Clinical case series thus far support the use of thinner substitutes for single‐stage procedures. Rudnicki et al recently reported the results of a case series of 13 sites subjected to a single‐stage procedure in which an STSG meshed in a 1:1 ratio was applied over a perforated single‐layer Integra wound matrix (0.4 mm in 11 cases, 0.8 mm in two cases). Of these wounds, 10 of 13 were secondary to contraction release while 3 of 13 were secondary to the primary excision of an acute burn. The authors reported a mean graft take of 86.2% and functional acceptable outcomes. ¹⁴ Similarly, Gabriel et al applied a 1:1.5 meshed STSG to a perforated single‐layer Integra wound matrix in 20 consecutive patients with soft tissue defects secondary to trauma or wide debridement of an ulcer or tumour. Here, the authors reported an excellent mean graft take of 98.3% and average time to graft take of 5.6 days. ²⁴ Importantly, both groups reported that negative pressure wound dressings (NPWDs) were applied to the surface of each STSG to help prevent the accumulation of seroma or hematoma formation. In our study, each wound was bolstered but no NPWD was applied. NPWD has been demonstrated to improve rates of endothelial cell migration within acellular dermal matrices, resulting in improved dermal regeneration when compared to the use of an acellular dermal matrix alone. ²⁵ Thus, the difference between the results of these clinical series utilising Integra and our results with Integra may be at least partially due to the application of the NPWD.

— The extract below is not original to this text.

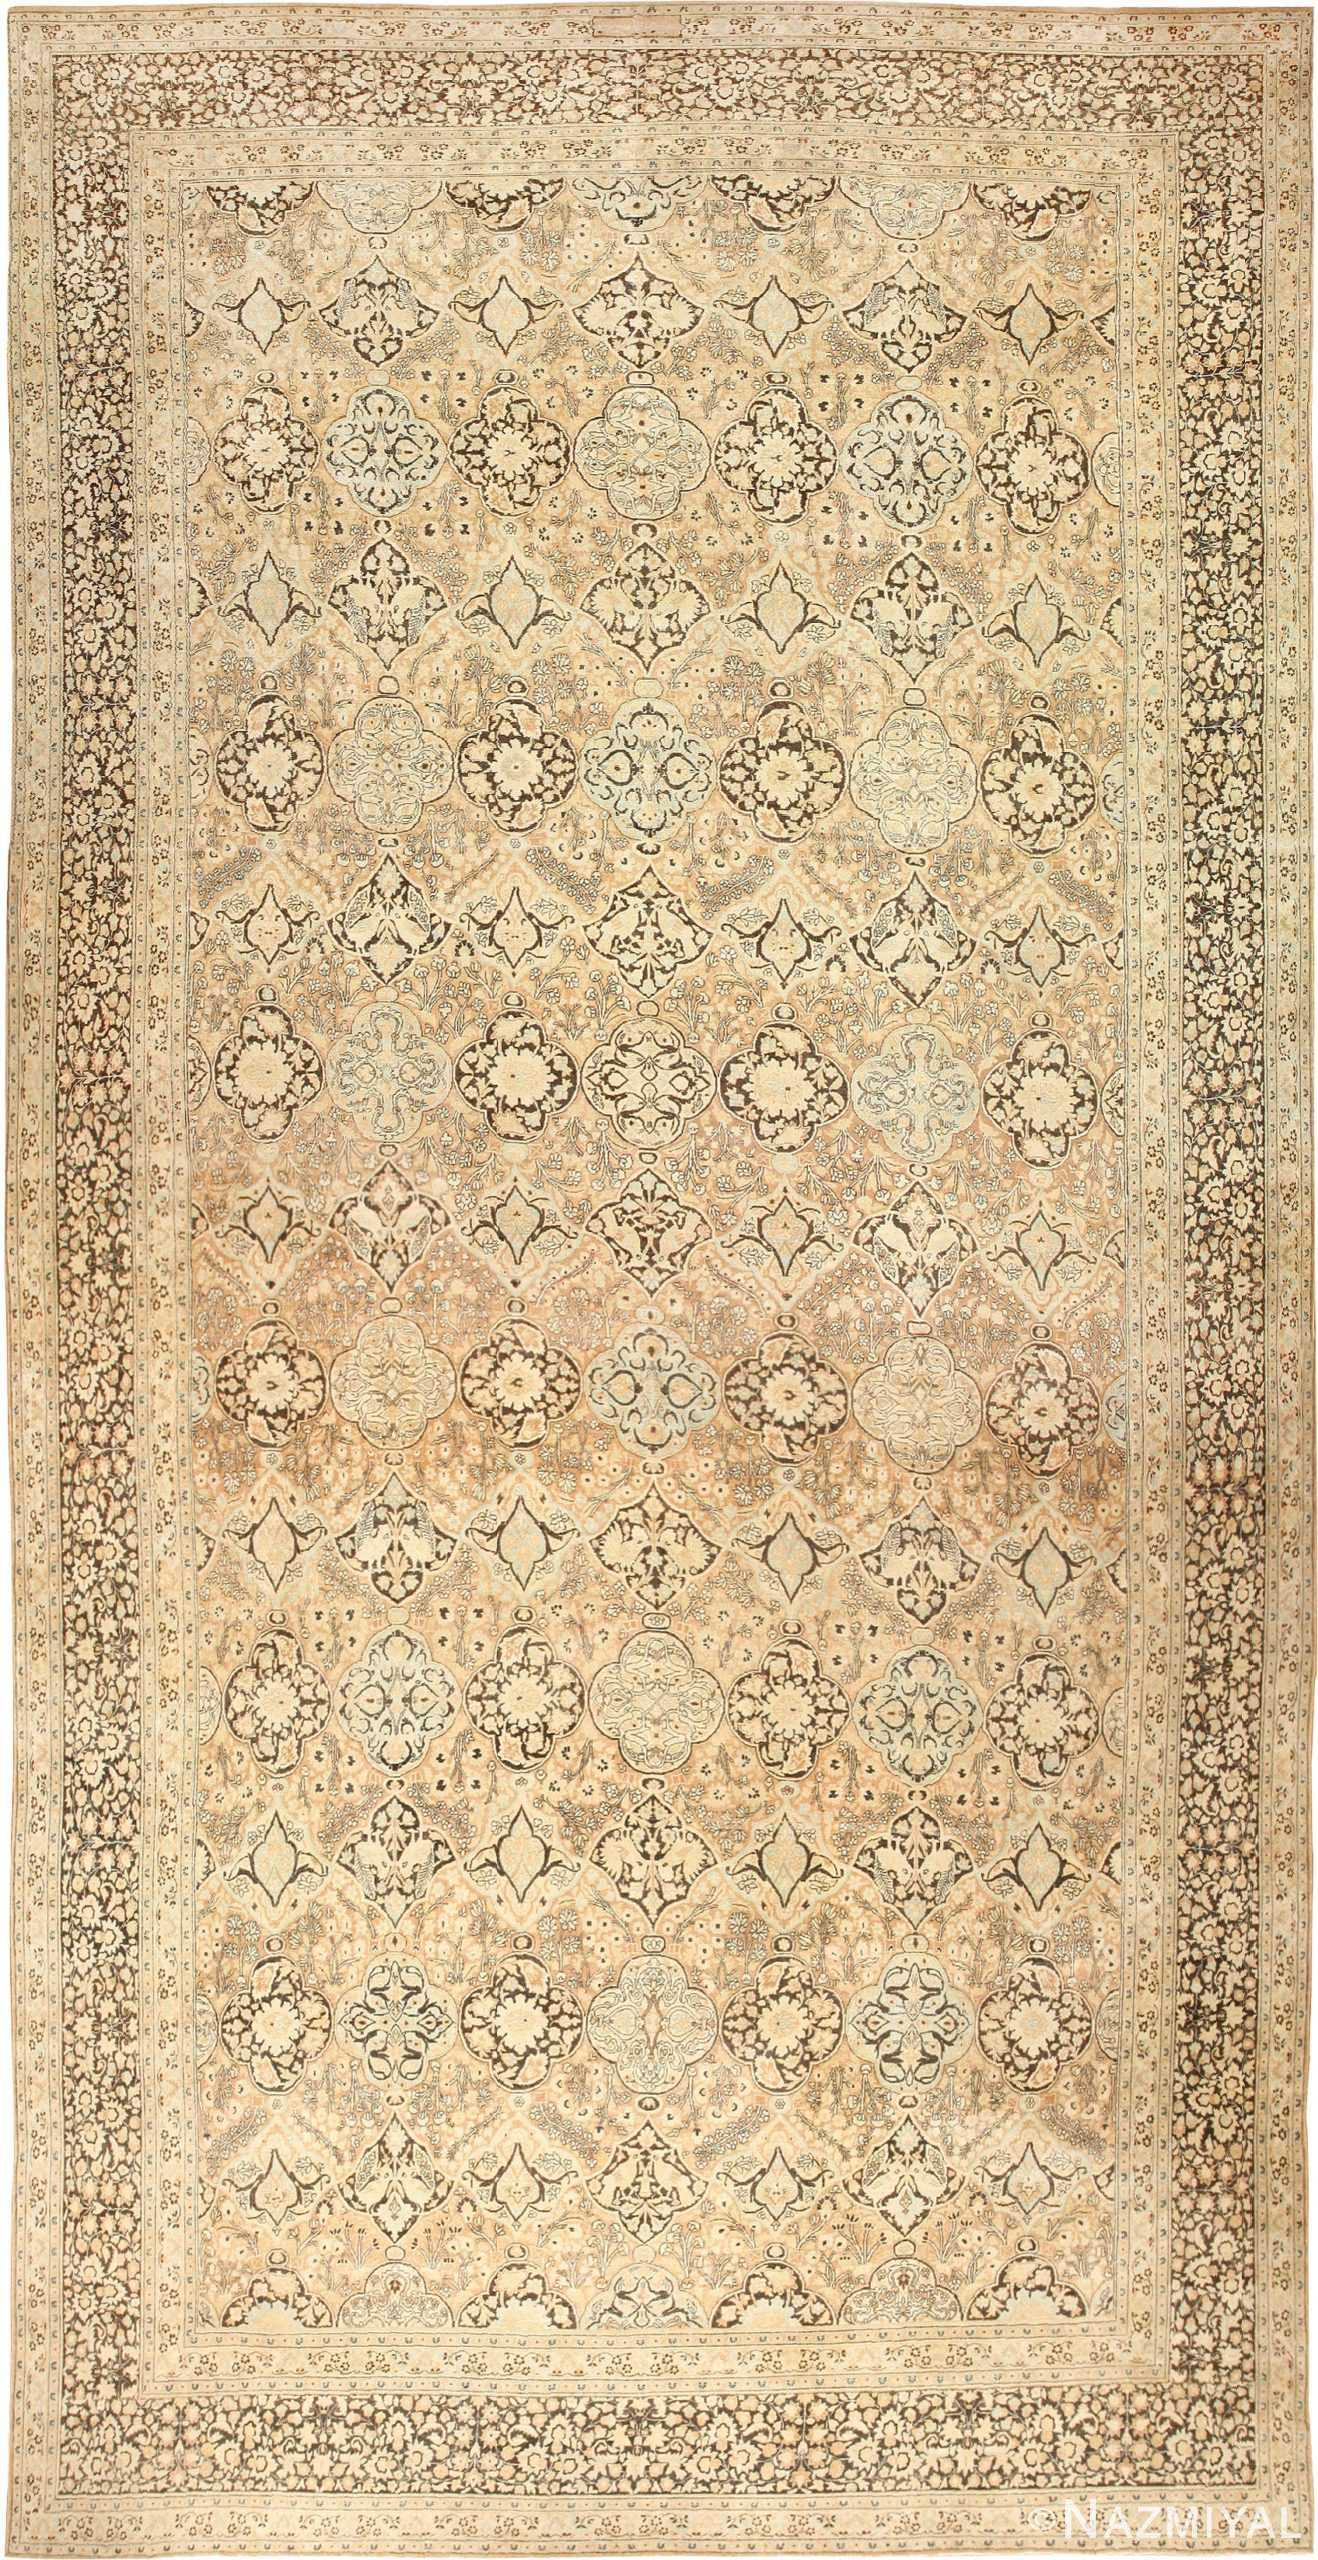 Large Oversized Antique Persian Khorassan Rug 48922 Nazmiyal

As the chitosan‐based hydrogels used in this study carried no intrinsic properties to facilitate wound bed development or revascularisation, the relatively positive outcomes seen with applying an STSG to the hydrogel are likely entirely secondary to the thin and porous nature of the hydrogel construct. A potential limitation to the use of the gels as designed in our study is the relative fragility of the construct, particularly in the context of our study design. Each gel was covered with an STSG but then protected with a bolster, which was secured to the surrounding skin. The use of a thicker chitosan construct was not possible as the force of the bolster would compress the gel, causing extrusion from the wound edges and a likely irregular layer beneath the graft. However, a significant potential benefit to using chitosan‐based gels is that these gels can be used as vehicles to modulate the wound bed. Multiple groups have demonstrated that these fabricated chitosan gels can be successfully impregnated with antibiotics, ²⁶ growth factors, ²⁷ exosome elements, ²⁸ and stem cells, ²⁹ all of which can act on the wound bed and assist with wound healing and angiogenesis. Future studies to determine optimal delivery methods and hydrogel composition are certainly warranted, but this field represents a promising alternative to the conventional acellular dermal substitutes currently employed in clinical practice.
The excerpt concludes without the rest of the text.